§ **Required action**: Output exactly the lines from the one with "Artwork Fantasy Art" to the close of the records below, first and last included.

§ **Listed records**:
━━━━━━━━
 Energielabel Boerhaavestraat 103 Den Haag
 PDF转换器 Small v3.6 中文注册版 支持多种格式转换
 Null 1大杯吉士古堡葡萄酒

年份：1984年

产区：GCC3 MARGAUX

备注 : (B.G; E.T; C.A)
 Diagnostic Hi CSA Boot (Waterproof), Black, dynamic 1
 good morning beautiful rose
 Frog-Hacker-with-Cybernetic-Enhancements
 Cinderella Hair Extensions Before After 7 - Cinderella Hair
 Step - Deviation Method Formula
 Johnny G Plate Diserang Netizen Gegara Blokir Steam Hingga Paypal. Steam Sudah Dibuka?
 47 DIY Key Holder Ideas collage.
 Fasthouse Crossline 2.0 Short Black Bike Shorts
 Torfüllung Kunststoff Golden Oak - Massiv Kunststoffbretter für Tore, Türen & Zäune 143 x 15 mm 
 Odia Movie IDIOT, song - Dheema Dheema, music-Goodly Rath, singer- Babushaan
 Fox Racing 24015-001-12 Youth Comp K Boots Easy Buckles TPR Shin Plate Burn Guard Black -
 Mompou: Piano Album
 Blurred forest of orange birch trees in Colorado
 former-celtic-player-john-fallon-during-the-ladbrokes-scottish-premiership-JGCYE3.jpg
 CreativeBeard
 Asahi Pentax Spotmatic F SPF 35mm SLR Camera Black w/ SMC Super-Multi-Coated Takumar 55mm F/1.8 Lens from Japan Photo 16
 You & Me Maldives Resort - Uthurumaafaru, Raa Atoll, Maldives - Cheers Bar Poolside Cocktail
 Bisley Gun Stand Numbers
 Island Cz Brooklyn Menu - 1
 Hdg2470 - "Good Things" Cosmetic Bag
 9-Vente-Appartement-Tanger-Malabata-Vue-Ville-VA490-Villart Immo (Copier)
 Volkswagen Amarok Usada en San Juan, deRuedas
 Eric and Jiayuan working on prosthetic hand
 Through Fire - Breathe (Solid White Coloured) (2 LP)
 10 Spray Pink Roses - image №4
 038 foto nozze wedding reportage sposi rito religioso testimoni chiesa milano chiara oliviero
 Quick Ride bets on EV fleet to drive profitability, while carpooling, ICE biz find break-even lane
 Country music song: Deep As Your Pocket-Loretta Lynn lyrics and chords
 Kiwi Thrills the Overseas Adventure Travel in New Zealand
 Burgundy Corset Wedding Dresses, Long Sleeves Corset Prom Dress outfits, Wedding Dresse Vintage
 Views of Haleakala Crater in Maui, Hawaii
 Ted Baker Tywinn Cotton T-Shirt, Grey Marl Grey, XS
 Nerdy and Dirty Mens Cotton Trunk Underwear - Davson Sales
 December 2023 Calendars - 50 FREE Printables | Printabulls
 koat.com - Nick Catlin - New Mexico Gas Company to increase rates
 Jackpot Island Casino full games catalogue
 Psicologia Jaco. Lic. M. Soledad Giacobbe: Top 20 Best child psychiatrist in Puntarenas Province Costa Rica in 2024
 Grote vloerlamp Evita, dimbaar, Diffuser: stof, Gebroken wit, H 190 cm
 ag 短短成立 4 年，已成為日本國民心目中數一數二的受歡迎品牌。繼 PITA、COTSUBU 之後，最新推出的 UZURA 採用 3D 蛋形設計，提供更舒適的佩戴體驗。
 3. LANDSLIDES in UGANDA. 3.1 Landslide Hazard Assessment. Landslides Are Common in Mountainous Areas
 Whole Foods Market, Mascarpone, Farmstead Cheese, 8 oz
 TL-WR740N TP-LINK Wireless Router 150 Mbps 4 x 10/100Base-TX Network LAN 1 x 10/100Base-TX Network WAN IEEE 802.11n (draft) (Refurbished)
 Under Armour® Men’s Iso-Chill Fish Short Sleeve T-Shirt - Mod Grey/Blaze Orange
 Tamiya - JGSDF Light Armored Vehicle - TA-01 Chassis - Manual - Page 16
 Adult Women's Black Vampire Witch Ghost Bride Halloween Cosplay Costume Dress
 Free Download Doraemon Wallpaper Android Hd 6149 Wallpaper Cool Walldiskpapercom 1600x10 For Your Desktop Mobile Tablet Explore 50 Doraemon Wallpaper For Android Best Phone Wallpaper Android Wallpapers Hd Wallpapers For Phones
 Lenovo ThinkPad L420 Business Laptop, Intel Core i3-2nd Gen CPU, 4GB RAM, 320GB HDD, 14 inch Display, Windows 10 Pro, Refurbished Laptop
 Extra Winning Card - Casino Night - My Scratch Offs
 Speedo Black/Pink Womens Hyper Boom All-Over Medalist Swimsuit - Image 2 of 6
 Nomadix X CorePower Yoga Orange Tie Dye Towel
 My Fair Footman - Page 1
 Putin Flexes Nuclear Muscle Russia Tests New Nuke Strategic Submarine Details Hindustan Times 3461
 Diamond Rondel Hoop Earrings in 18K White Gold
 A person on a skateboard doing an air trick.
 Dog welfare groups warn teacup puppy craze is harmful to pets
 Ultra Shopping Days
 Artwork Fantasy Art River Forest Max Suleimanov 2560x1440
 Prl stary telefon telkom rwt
━━━━━━━━
§ **Written response**:
 Artwork Fantasy Art River Forest Max Suleimanov 2560x1440
 Prl stary telefon telkom rwt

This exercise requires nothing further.